Streaming-ETL

Sysmon Event Processing

KSQL can be used to process and enrich security events in real time, providing extra context for security analysts during investigations. Sysmon is a free tool for Windows endpoints that allows the collection of valuable security events that have a direct relationship with each other via a property called the ProcessGUID. Join statements can be performed via KSQL queries in real time.

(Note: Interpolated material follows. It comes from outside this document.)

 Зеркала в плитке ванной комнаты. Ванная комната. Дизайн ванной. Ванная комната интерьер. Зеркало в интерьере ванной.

In this recipe, we will show you how to join two specific Sysmon events in order to expedite the analysis of data and provide more context to the data collected while hunting for specific adversarial techniques.

Directions

1. Configure KSQL to process all data that exists in a topic (and not just from the current point onwards, which is the default):

ksql> SET 'auto.offset.reset' = 'earliest';

2. Register the Kafka topic that contains Sysmon event logs as a stream and name it WINLOGBEAT_STREAM. In this case, the available Kafka topic was named winlogbeat. Remember that we are performing a join between Sysmon events 1 and 3, and the data is in JSON format. Therefore, we only need to specify the column names of the two Sysmon events (1 and 3) and define nested fields via the STRUCT data type.

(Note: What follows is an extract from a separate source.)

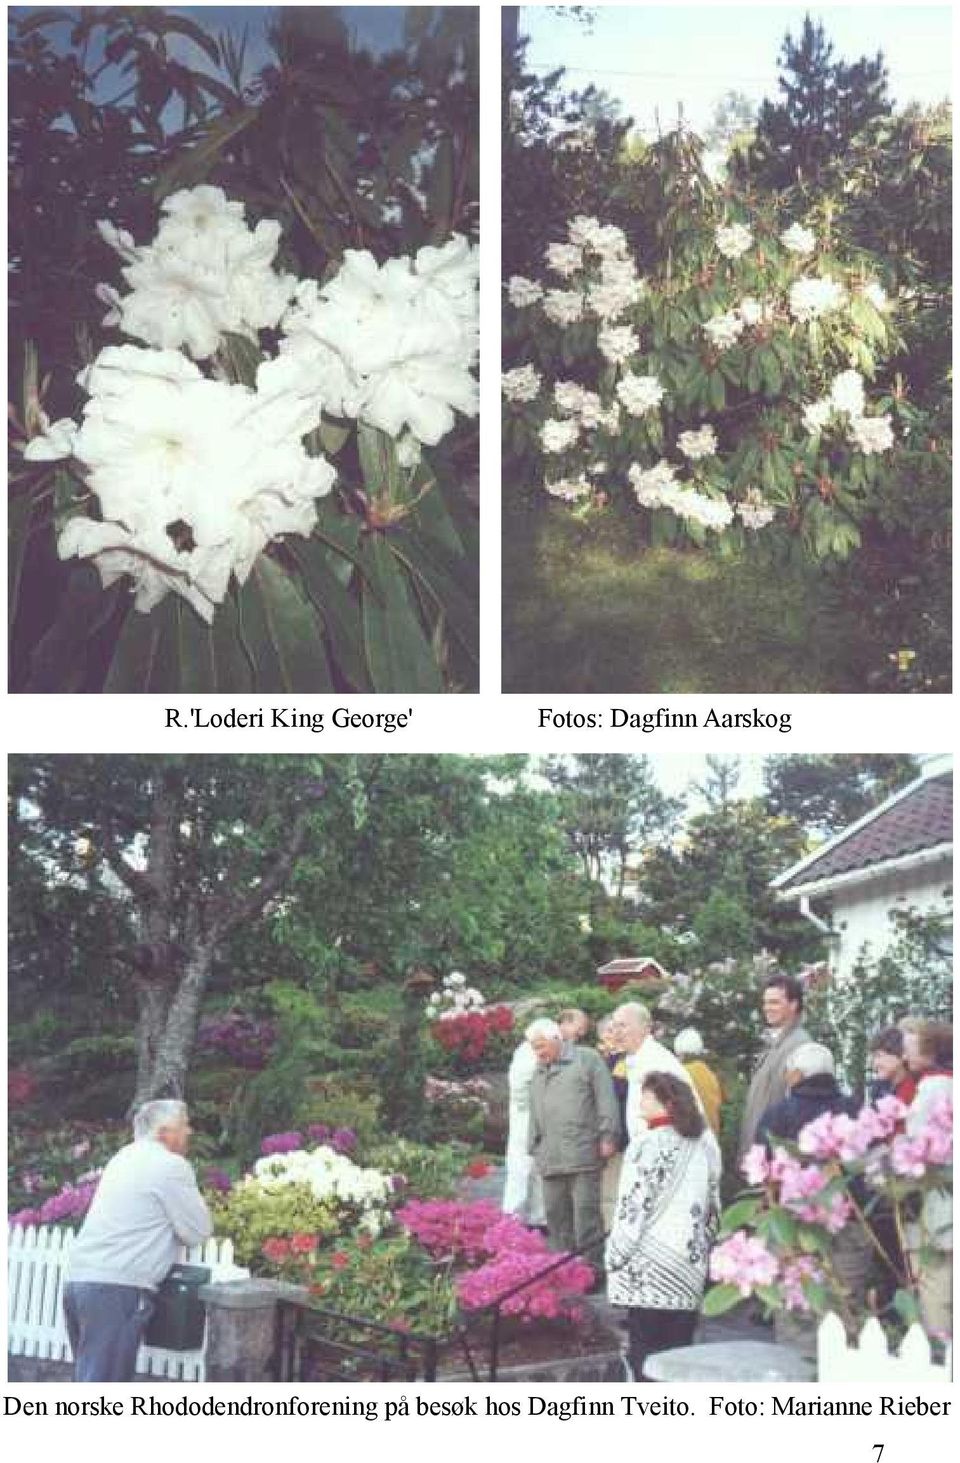 Rhododendronforening på besøk

ksql> CREATE STREAM WINLOGBEAT_STREAM \
            (source_name VARCHAR, \
            type VARCHAR, \
            task VARCHAR, \
            log_name VARCHAR, \
            computer_name VARCHAR, \
            event_data STRUCT< \
                UtcTime VARCHAR, \
                ProcessGuid VARCHAR, \
                ProcessId INTEGER, \
                Image VARCHAR, \
                FileVersion VARCHAR, \
                Description VARCHAR, \
                Product VARCHAR, \
                Company VARCHAR, \
                CommandLine VARCHAR, \
                CurrentDirectory VARCHAR, \
                User VARCHAR, \
                LogonGuid VARCHAR, \
                LogonId VARCHAR, \
                TerminalSessionId INTEGER, \
                IntegrityLevel VARCHAR, \
                Hashes VARCHAR, \
                ParentProcessGuid VARCHAR, \
                ParentProcessId INTEGER, \
                ParentImage VARCHAR, \
                ParentCommandLine VARCHAR, \
                Protocol VARCHAR, \
                Initiated VARCHAR, \
                SourceIsIpv6 VARCHAR, \
                SourceIp VARCHAR, \
                SourceHostname VARCHAR, \
                SourcePort INTEGER, \
                SourcePortName VARCHAR, \
                DestinationIsIpv6 VARCHAR, \
                DestinationIp VARCHAR, \
                DestinationHostname VARCHAR, \
                DestinationPort INTEGER, \
                DestinationPortName VARCHAR>, \
            event_id INTEGER) \
WITH (KAFKA_TOPIC='winlogbeat', VALUE_FORMAT='JSON');

Optionally, query a sample of the data:

ksql> SELECT SOURCE_NAME , COMPUTER_NAME , EVENT_DATA->PARENTIMAGE, EVENT_DATA->PRODUCT  \
        FROM WINLOGBEAT_STREAM \
        WHERE EVENT_ID =1 OR EVENT_ID = 3 \
        LIMIT 2;
Microsoft-Windows-Sysmon | MSEDGEWIN10 | C:\Windows\System32\svchost.exe | Microsoft® Windows® Operating System
Microsoft-Windows-Sysmon | MSEDGEWIN10 | C:\Windows\System32\wuauclt.exe | Microsoft Malware Protection

3. Rekey the WINLOGBEAT_STREAM stream so that the key is correct for subsequent join operations. The rekey is on the process_guid field since that’s the common property with a unique value between Sysmon events 1 and 3. It’s done using the PARTITION BY command.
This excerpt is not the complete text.